Decoupled Hierarchical Distillation for Multimodal Emotion Recognition
Yong Li, Yuanzhi Wang, Yi Ding, Shiqing Zhang, Ke Lu, Cuntai Guan
TL;DR
This work tackles multimodal emotion recognition by addressing cross-modal heterogeneity with a Decoupled Hierarchical Multimodal Distillation (DHMD) framework. DHMD decouples each modality into modality-irrelevant (homogeneous) and modality-exclusive (heterogeneous) spaces using a self-regression-based training regime, then applies a two-stage knowledge distillation: (i) coarse-grained KD via Graph Distillation Units that learn dynamic inter-modality transfer patterns, and (ii) fine-grained KD via cross-modal Dictionary Matching that aligns semantic granularities across modalities in a shared dictionary space. The method yields consistent improvements over state-of-the-art MER approaches on CMU-MOSI, CMU-MOSEI, UR-FUNNY, and MUStARD, with ablations and visualizations validating the effectiveness of both KD stages and the interpretability of learned graph edges and dictionary activations. The results suggest that decoupling and hierarchical KD enable more robust, discriminative, and interpretable multimodal representations for emotion recognition, with potential for extension to foundation-model-based pipelines.
Abstract
Human multimodal emotion recognition (MER) seeks to infer human emotions by integrating information from language, visual, and acoustic modalities. Although existing MER approaches have achieved promising results, they still struggle with inherent multimodal heterogeneities and varying contributions from different modalities. To address these challenges, we propose a novel framework, Decoupled Hierarchical Multimodal Distillation (DHMD). DHMD decouples each modality's features into modality-irrelevant (homogeneous) and modality-exclusive (heterogeneous) components using a self-regression mechanism. The framework employs a two-stage knowledge distillation (KD) strategy: (1) coarse-grained KD via a Graph Distillation Unit (GD-Unit) in each decoupled feature space, where a dynamic graph facilitates adaptive distillation among modalities, and (2) fine-grained KD through a cross-modal dictionary matching mechanism, which aligns semantic granularities across modalities to produce more discriminative MER representations. This hierarchical distillation approach enables flexible knowledge transfer and effectively improves cross-modal feature alignment.
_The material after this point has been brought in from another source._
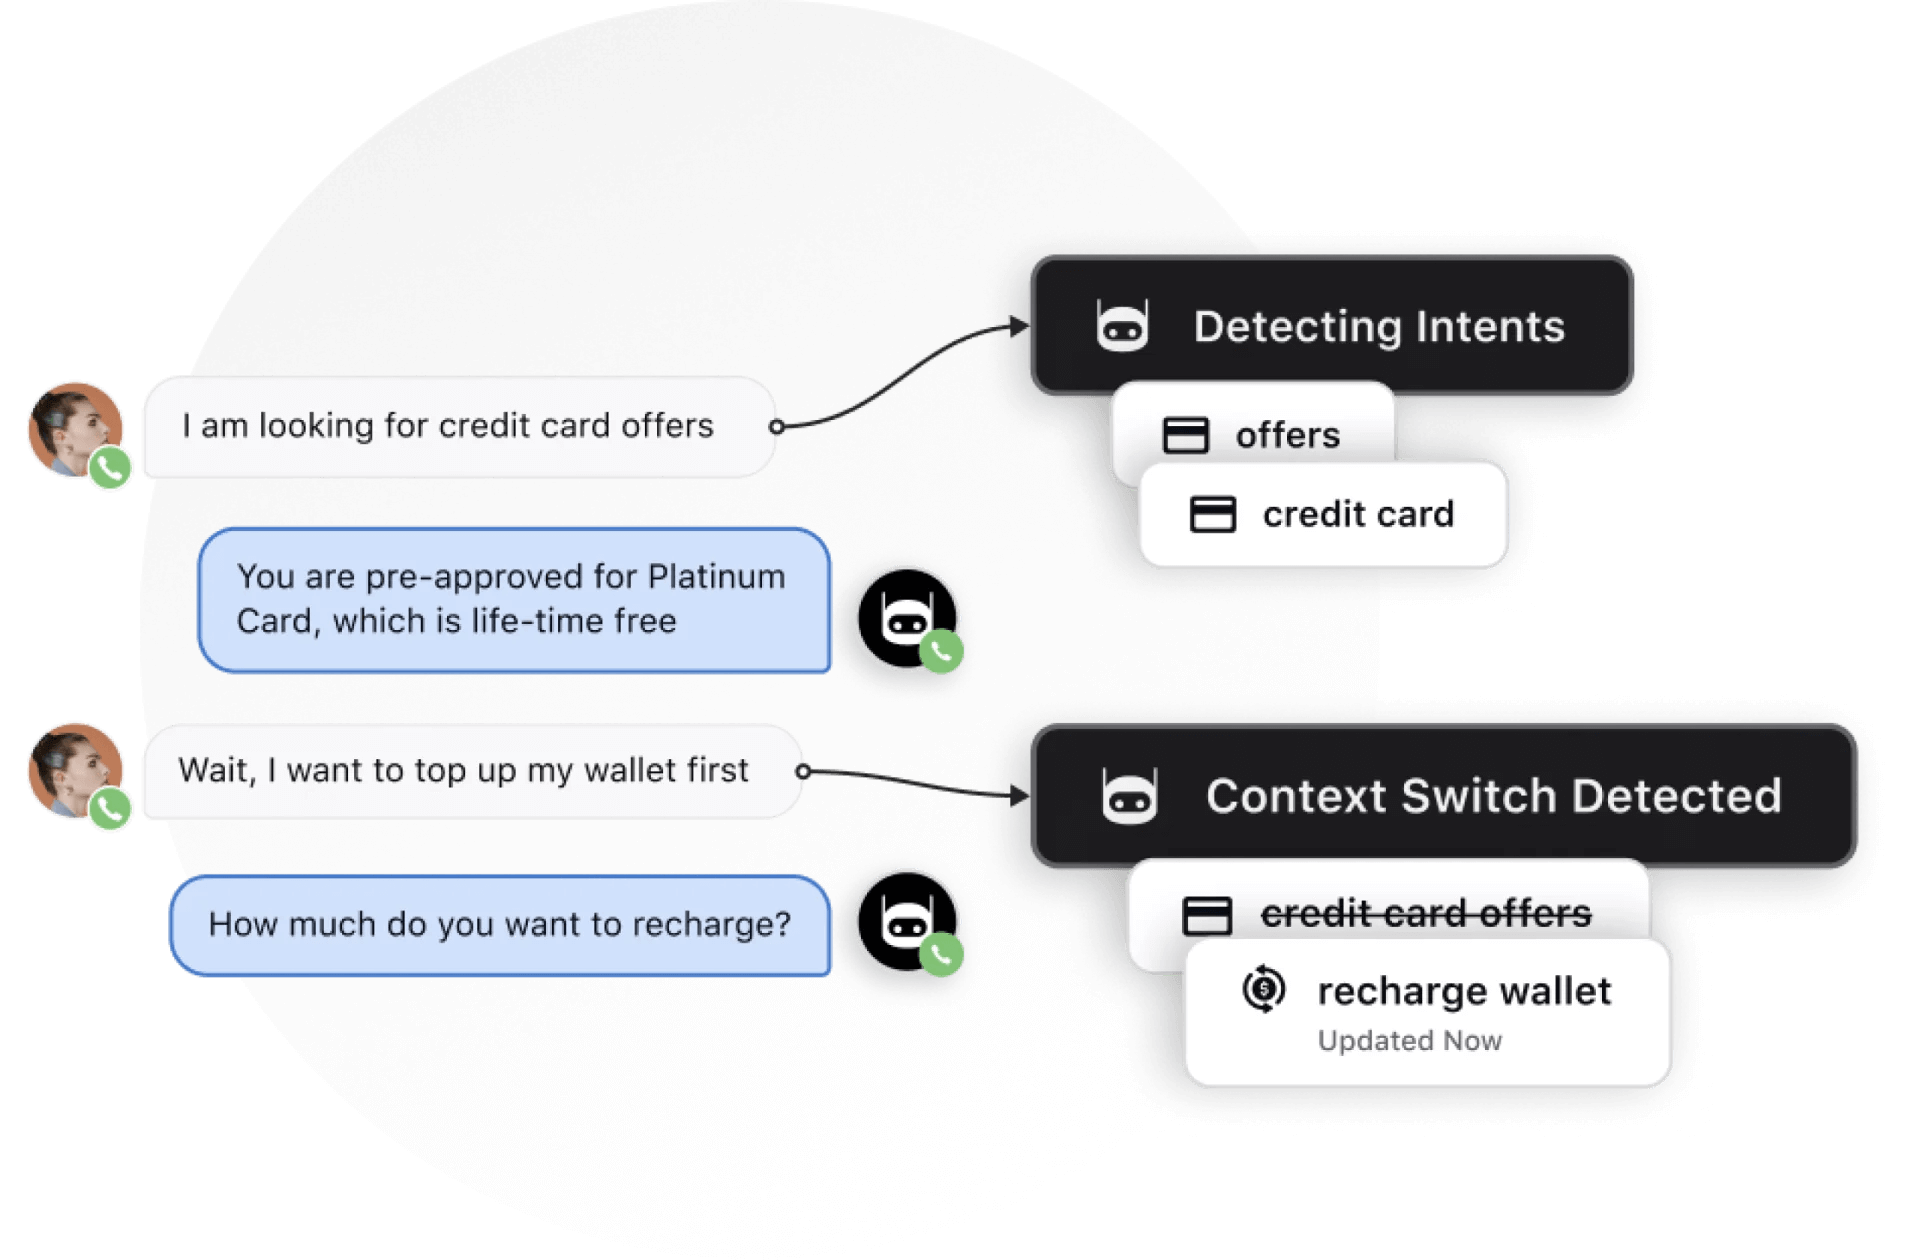 Sprinklr’s Conversational AI detects intent and context switch in real time
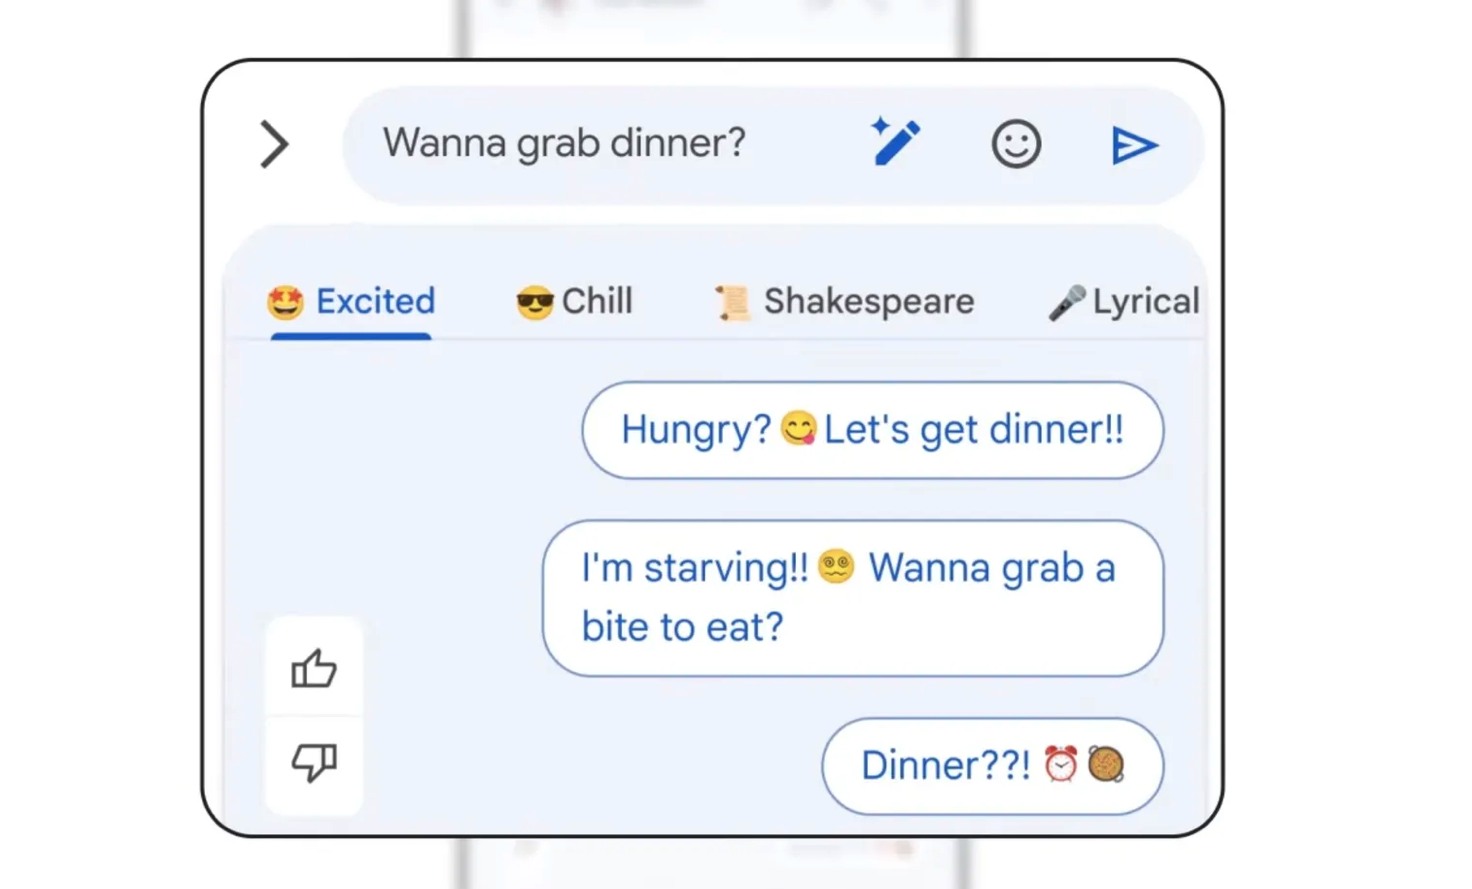 Google rolls out AI-generated messages, critical for privacy

Experimental results demonstrate that DHMD consistently outperforms state-of-the-art MER methods, achieving 1.3\%/2.4\% (ACC$_7$), 1.3\%/1.9\% (ACC$_2$) and 1.9\%/1.8\% (F1) relative improvement on CMU-MOSI/CMU-MOSEI dataset, respectively. Meanwhile, visualization results reveal that both the graph edges and dictionary activations in DHMD exhibit meaningful distribution patterns across modality-irrelevant/-exclusive feature spaces.